This script takes a FAIRe-formatted Excel sheet with ASV results of 12S (MiFishU, Miya et al) or 16S sequencing (Berry et al) ASVs, downloads the corresponding finetuned OceanOmics DNABERT-S models, and averages all embeddings for each site by weighing the embeddings using per-site read counts of all ASVs. We get per-site embeddings!
It then stores the per-site embeddings in a paraquet file, and optionally runs tSNE or UMAP on those embeddings to get per-site representations.

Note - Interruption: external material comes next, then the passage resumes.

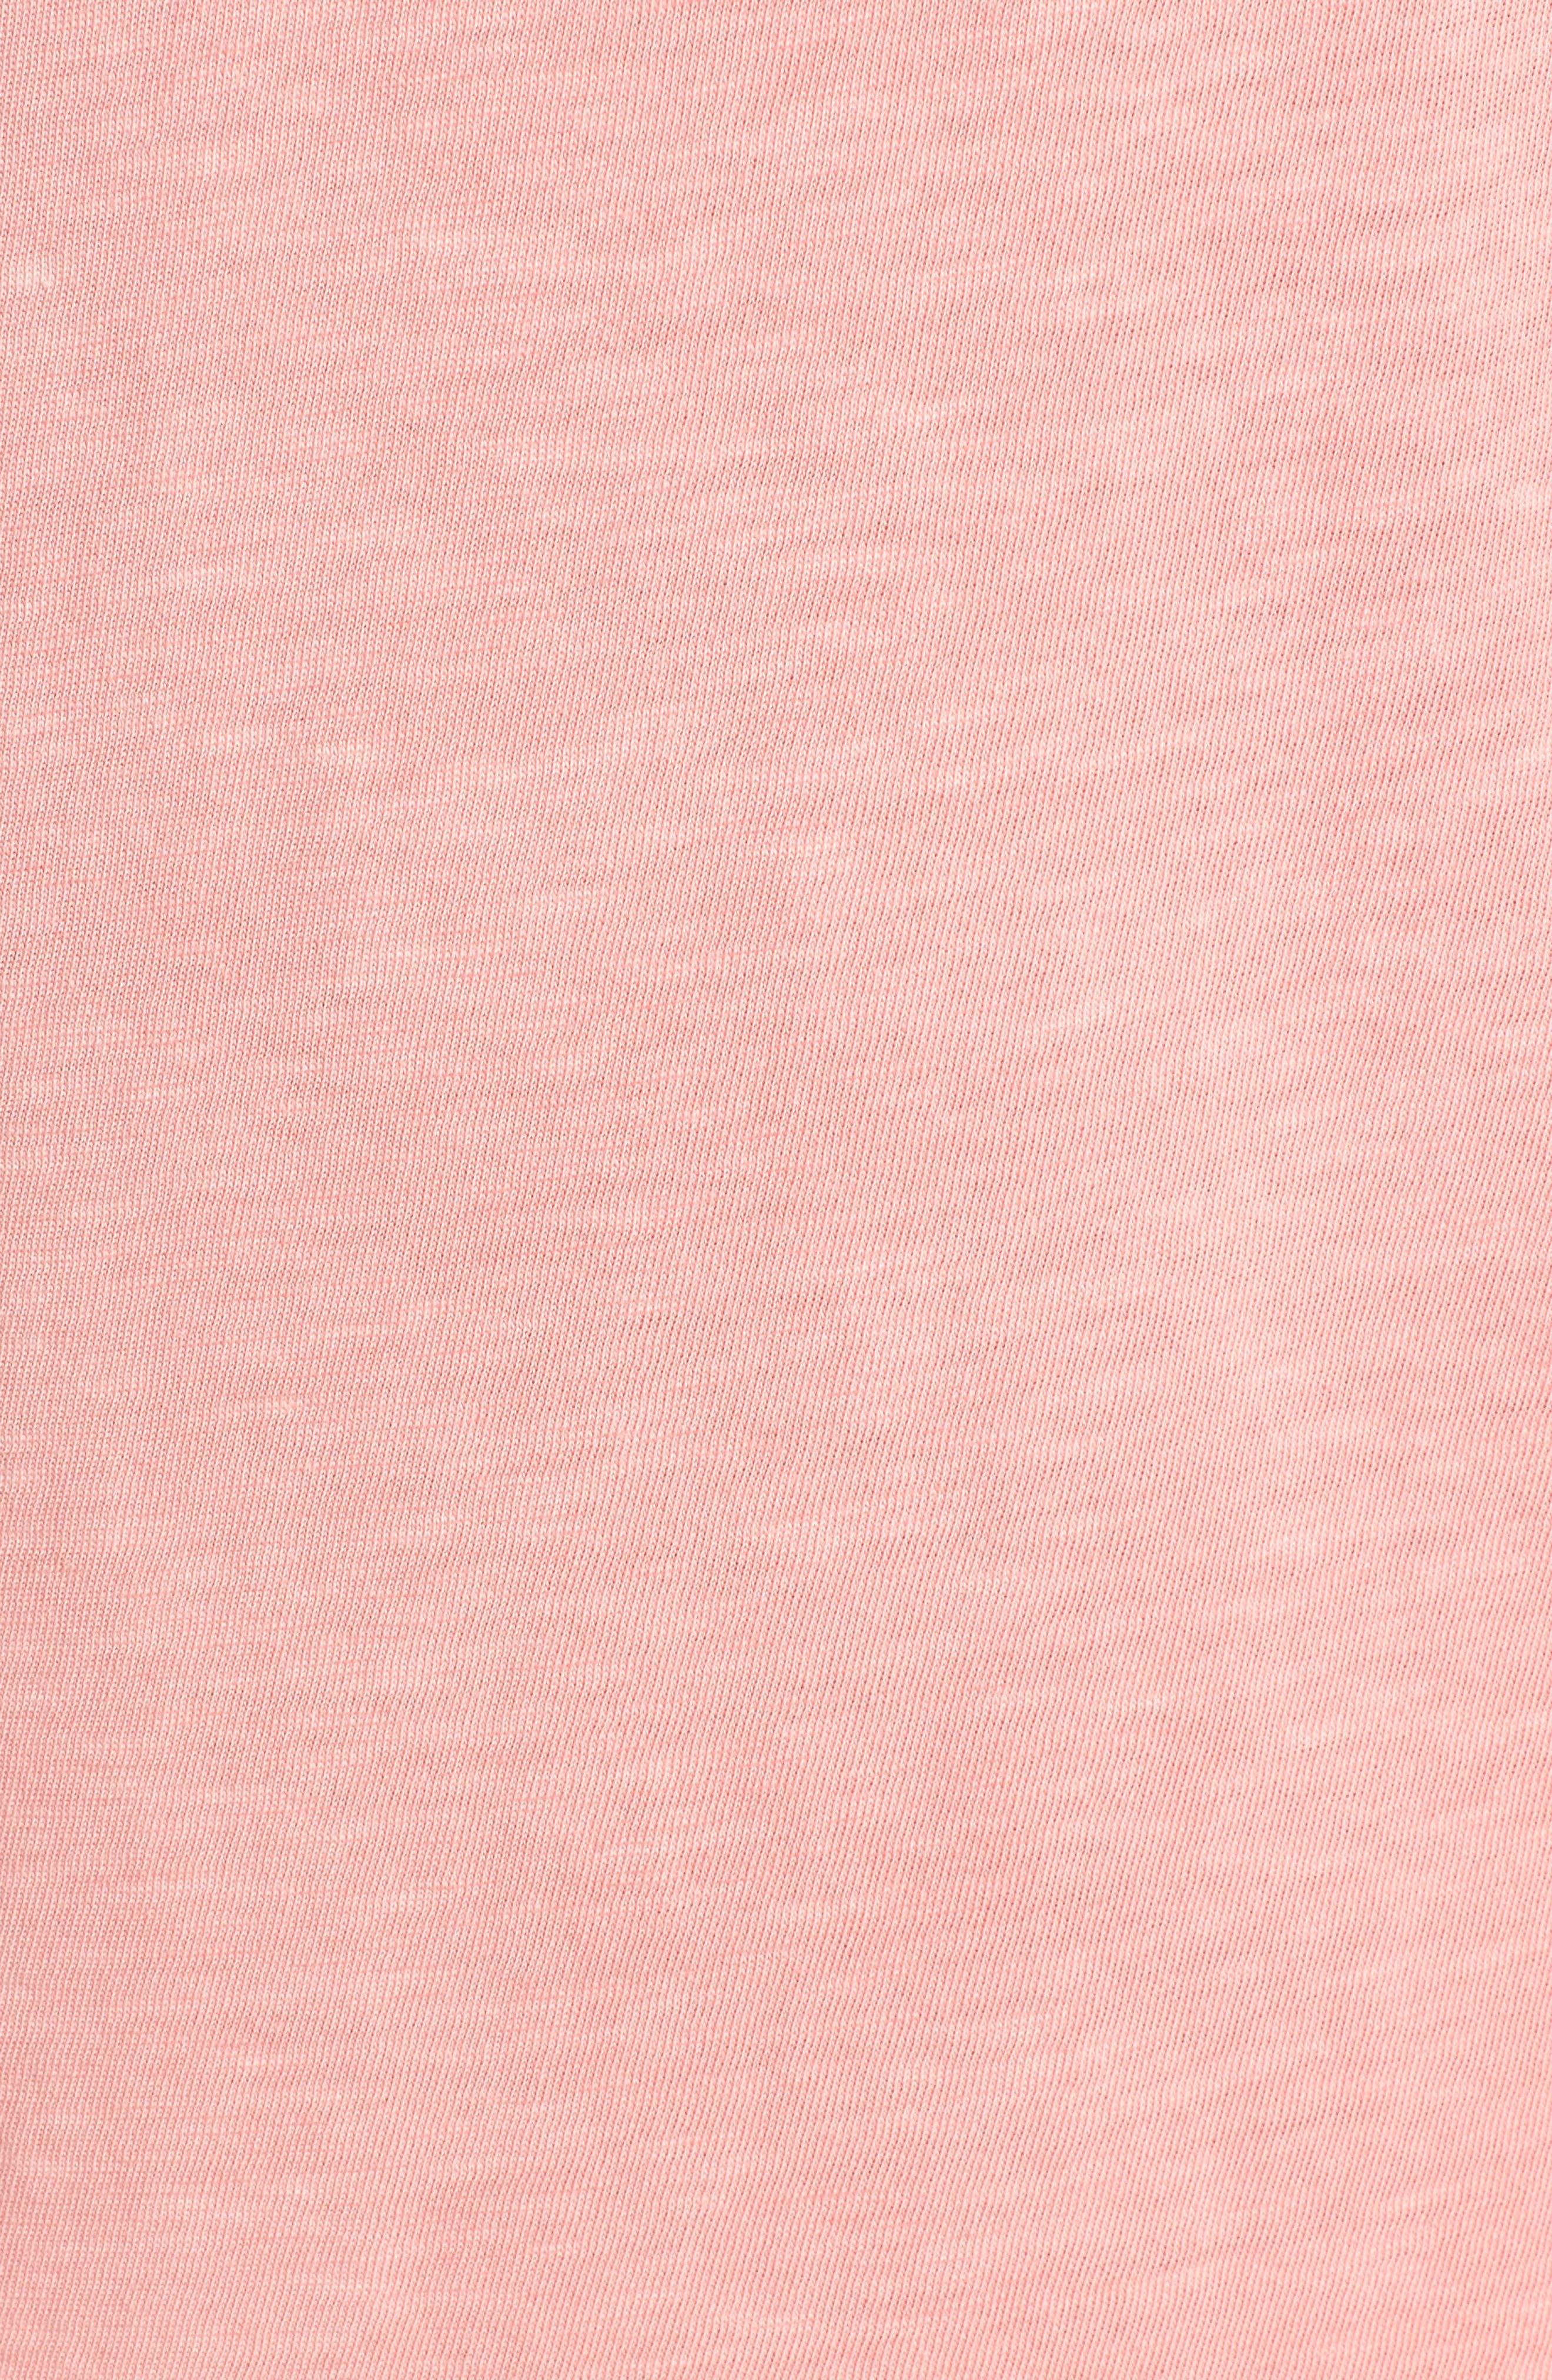 Ruffle Sleeve Shift Dress,                             Alternate thumbnail 6, color,                             CACTUS FLOWER
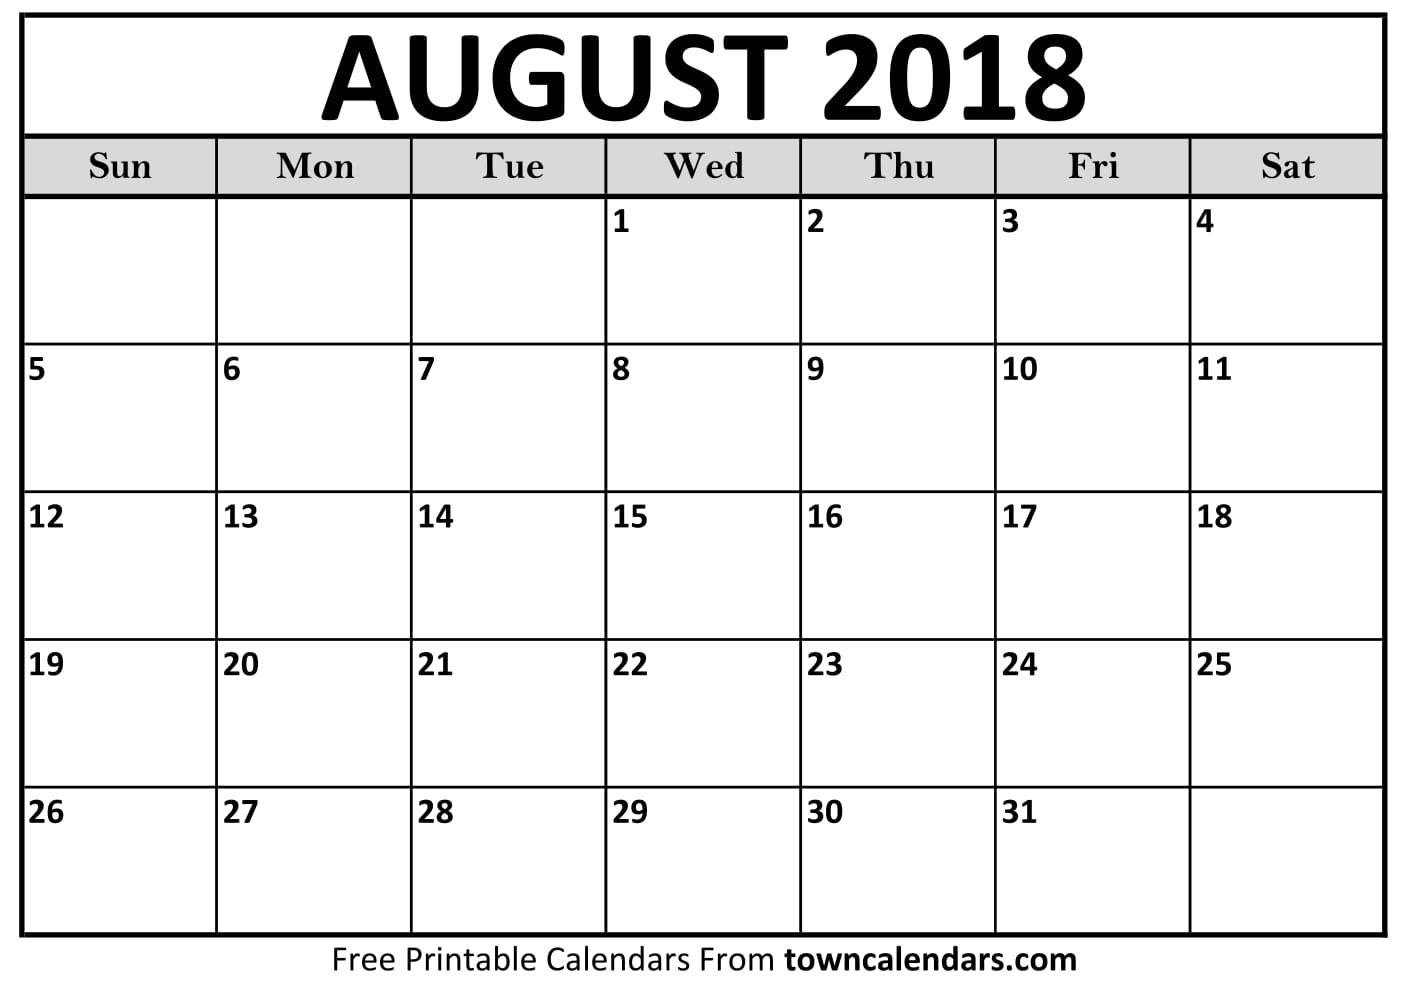 Printable August 2018 Calendar - Towncalendars  Picture Of August On Calendar

This is what the tSNE clustering of those per-site embeddings looks like along a latitude gradient:
Each dot is one site, colored by their latitude, shaped by sample collection device.
Usage
python calculate.py --cache-dir './cache' --12s-files run1.xlsx --16s-files run2.xlsx
--run-tsne --outdir './results' --run-umap
usage: calculatePerSite.py [-h] [--12s-files [12S_FILES ...]] [--16s-files [16S_FILES ...]] --outdir OUTDIR [--cache-dir CACHE_DIR]
[--min-asv-length MIN_ASV_LENGTH] [--max-asv-length MAX_ASV_LENGTH] [--force] [--model-12s MODEL_12S] [--model-16s MODEL_16S]
[--base-config BASE_CONFIG] [--pooling-token {mean,cls}] [--batch-size BATCH_SIZE] [--use-amp] [--max-length MAX_LENGTH]
[--weight-mode {hellinger,log,relative,softmax_tau3}] [--site-pooling {l2_weighted_mean,weighted_mean,gem_p2,gem_p3,simple_mean}]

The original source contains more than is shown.